*PROBLEM*. Taking the entries below, transcribe only the lines starting with the one with "Japanese singer Yoshioka" and going on through the one with "Docking Bay 94 T-Shirt - Bring Me Tacos", exactly as written, without the pictures.
++++ RECORDS FOR PROCESSING
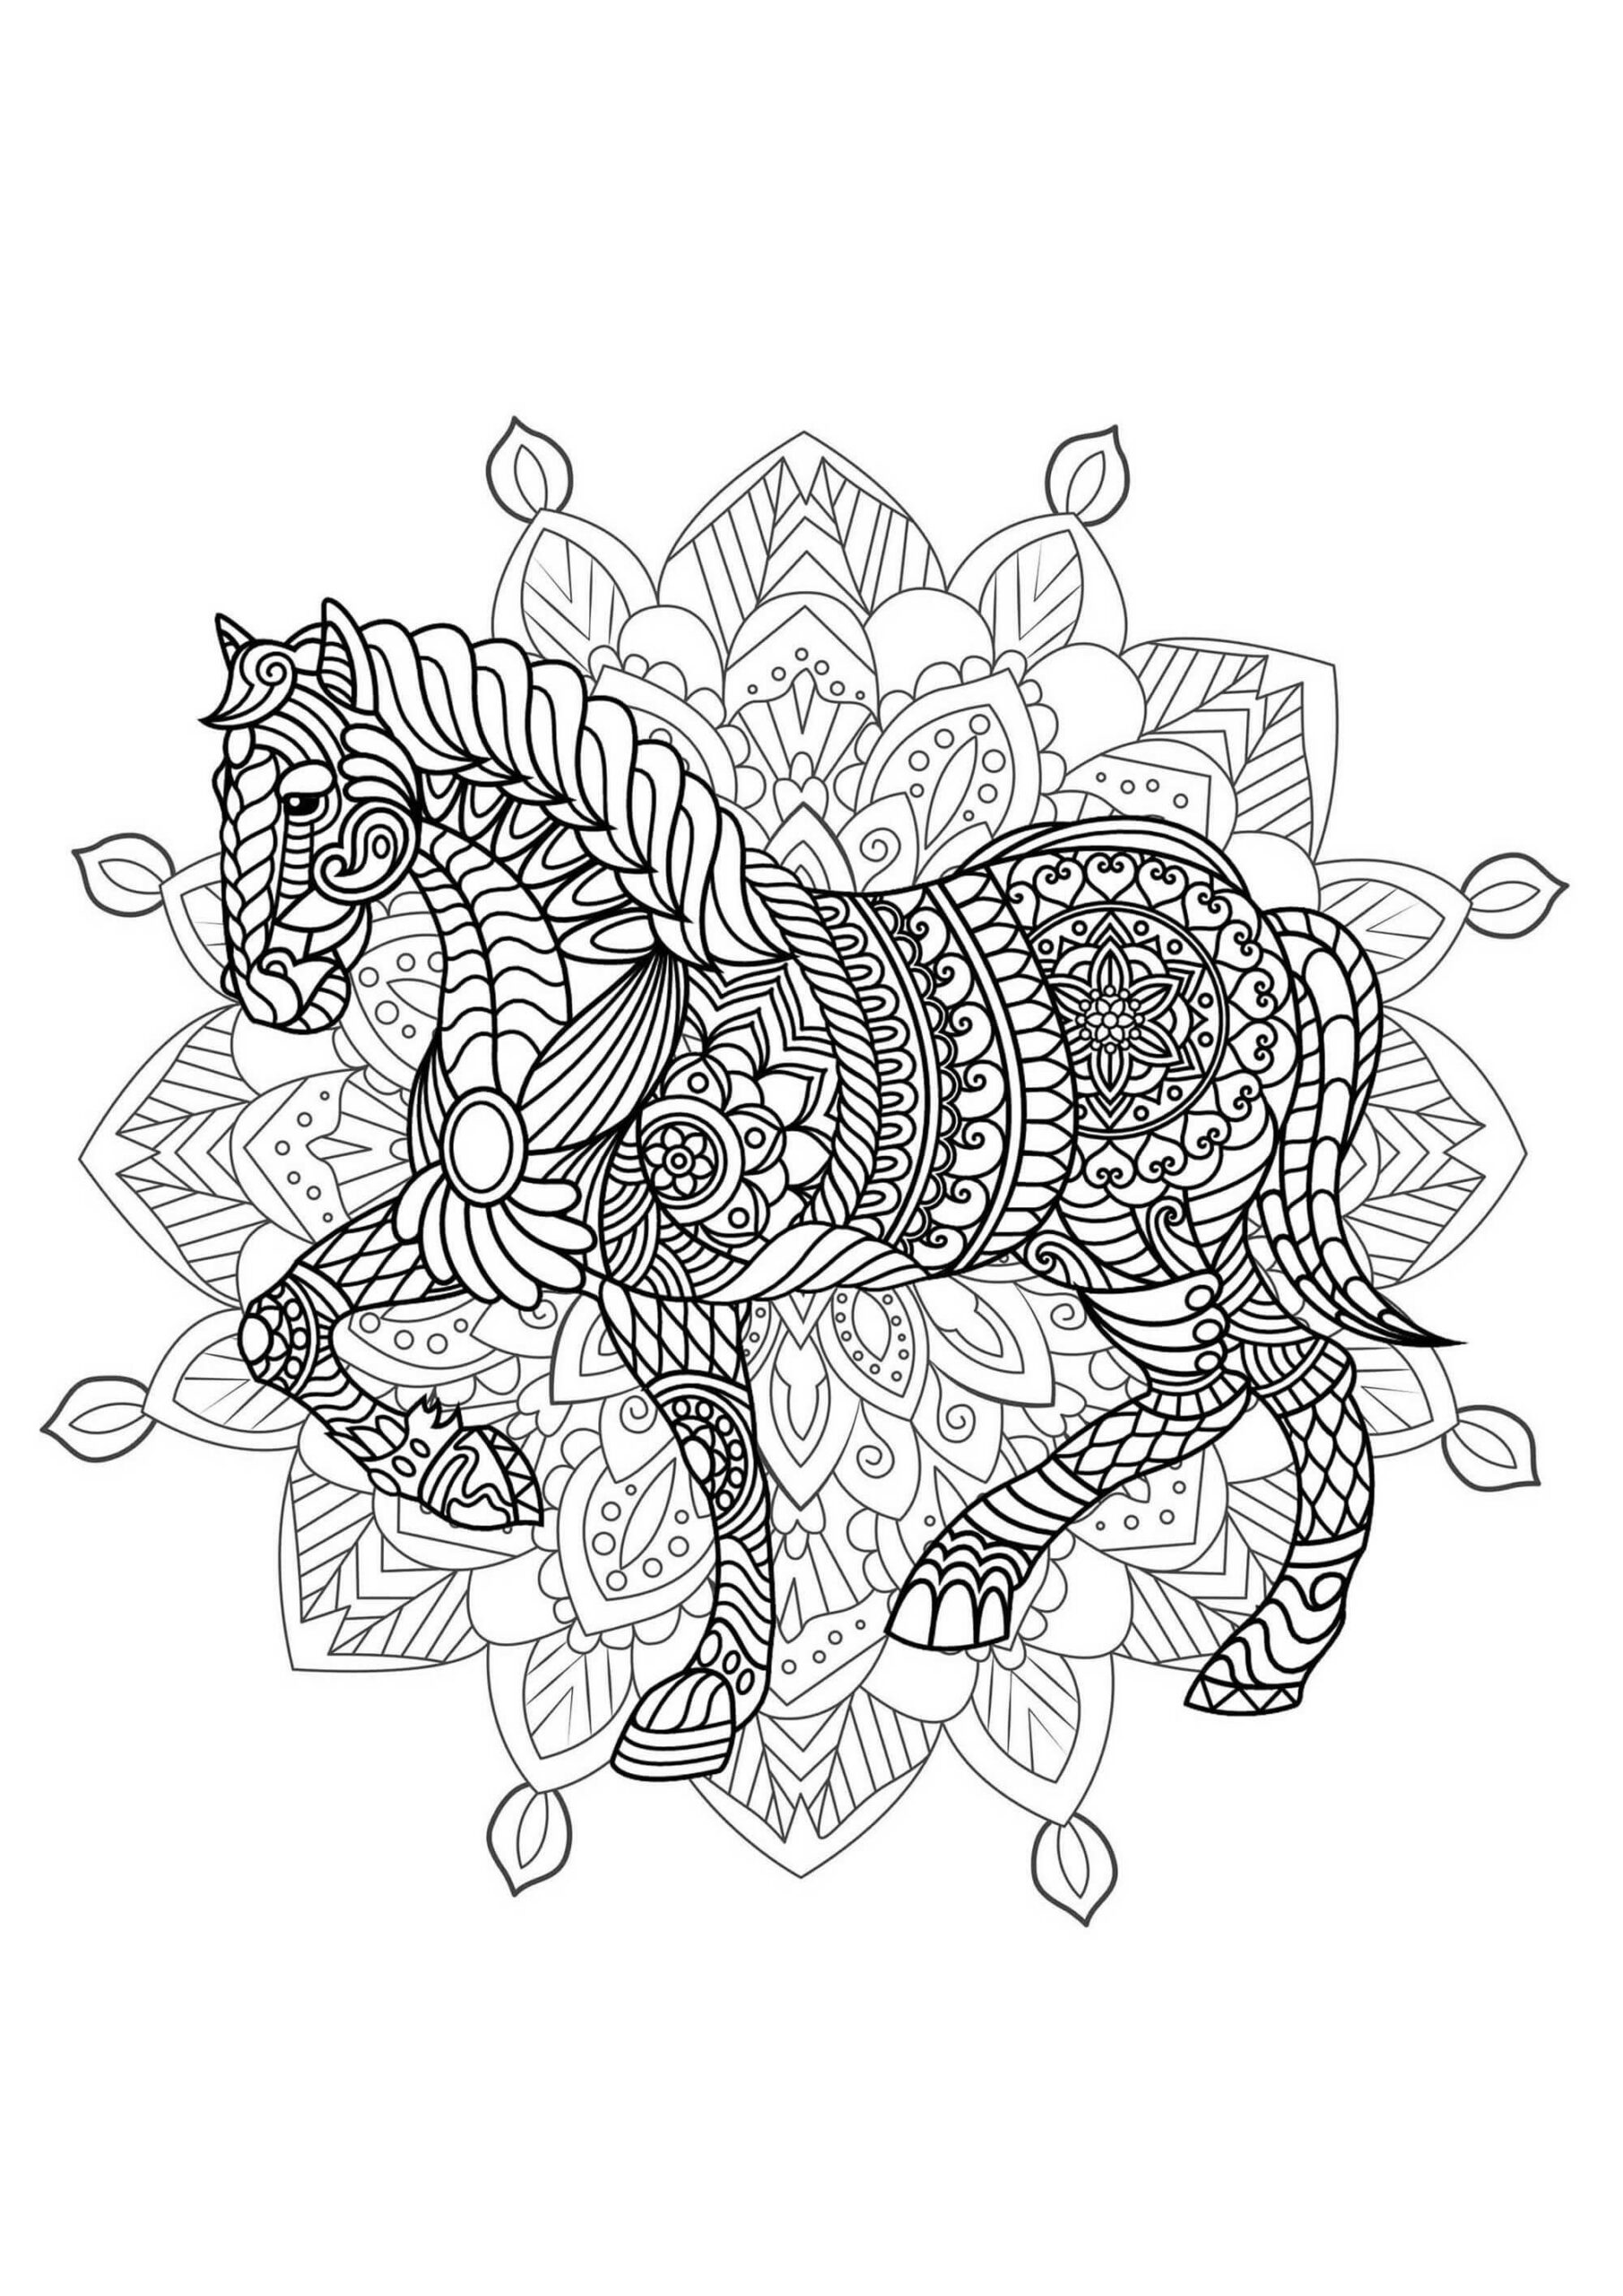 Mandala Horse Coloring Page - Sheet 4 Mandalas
++++++++
++++ RECORDS FOR PROCESSING
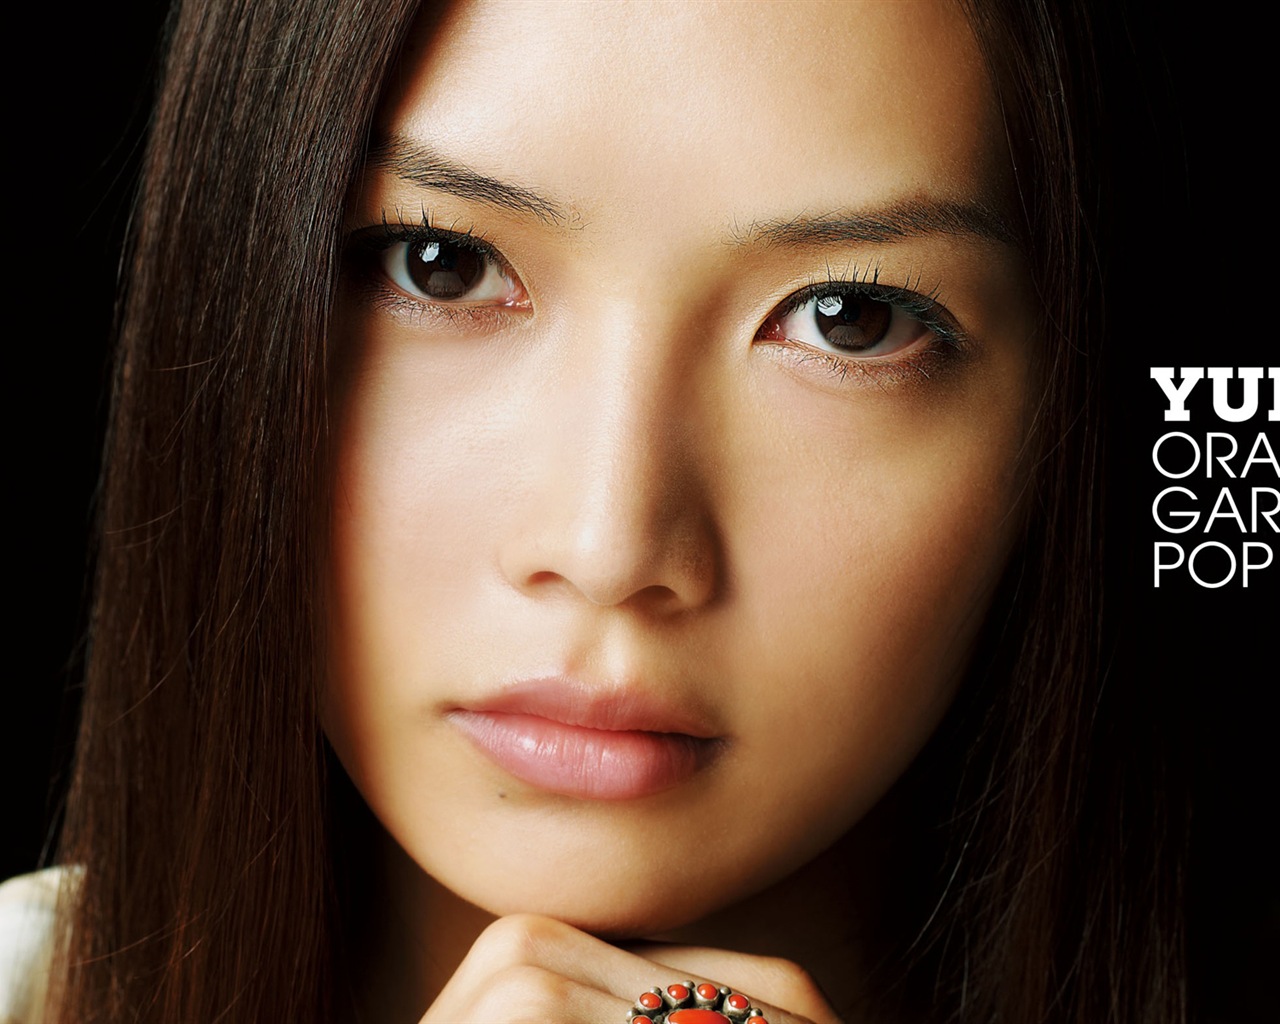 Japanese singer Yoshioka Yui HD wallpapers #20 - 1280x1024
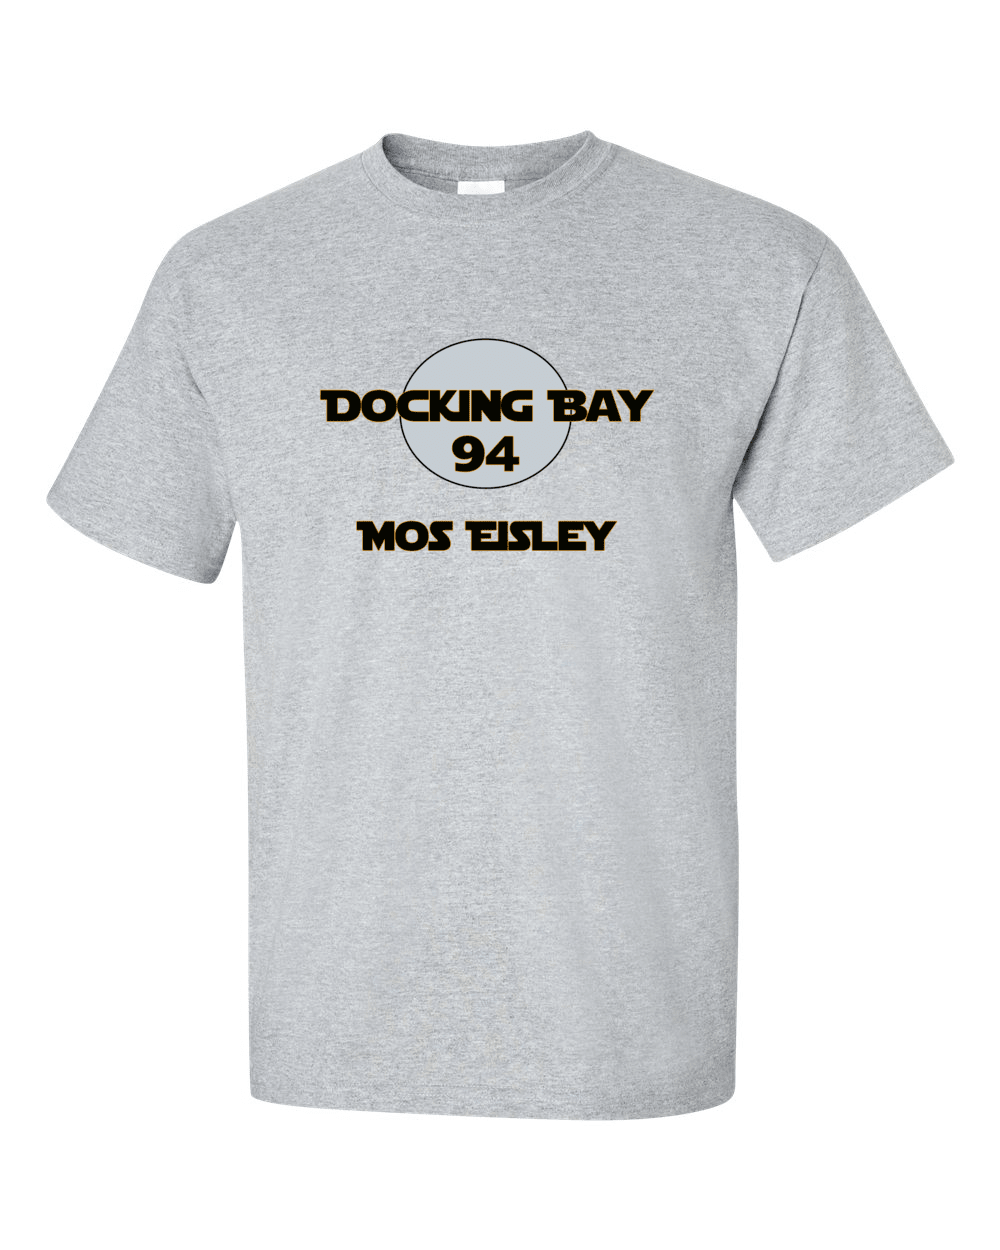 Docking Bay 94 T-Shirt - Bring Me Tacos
++++++++
*REPLY*.
 Japanese singer Yoshioka Yui HD wallpapers #20 - 1280x1024
 Docking Bay 94 T-Shirt - Bring Me Tacos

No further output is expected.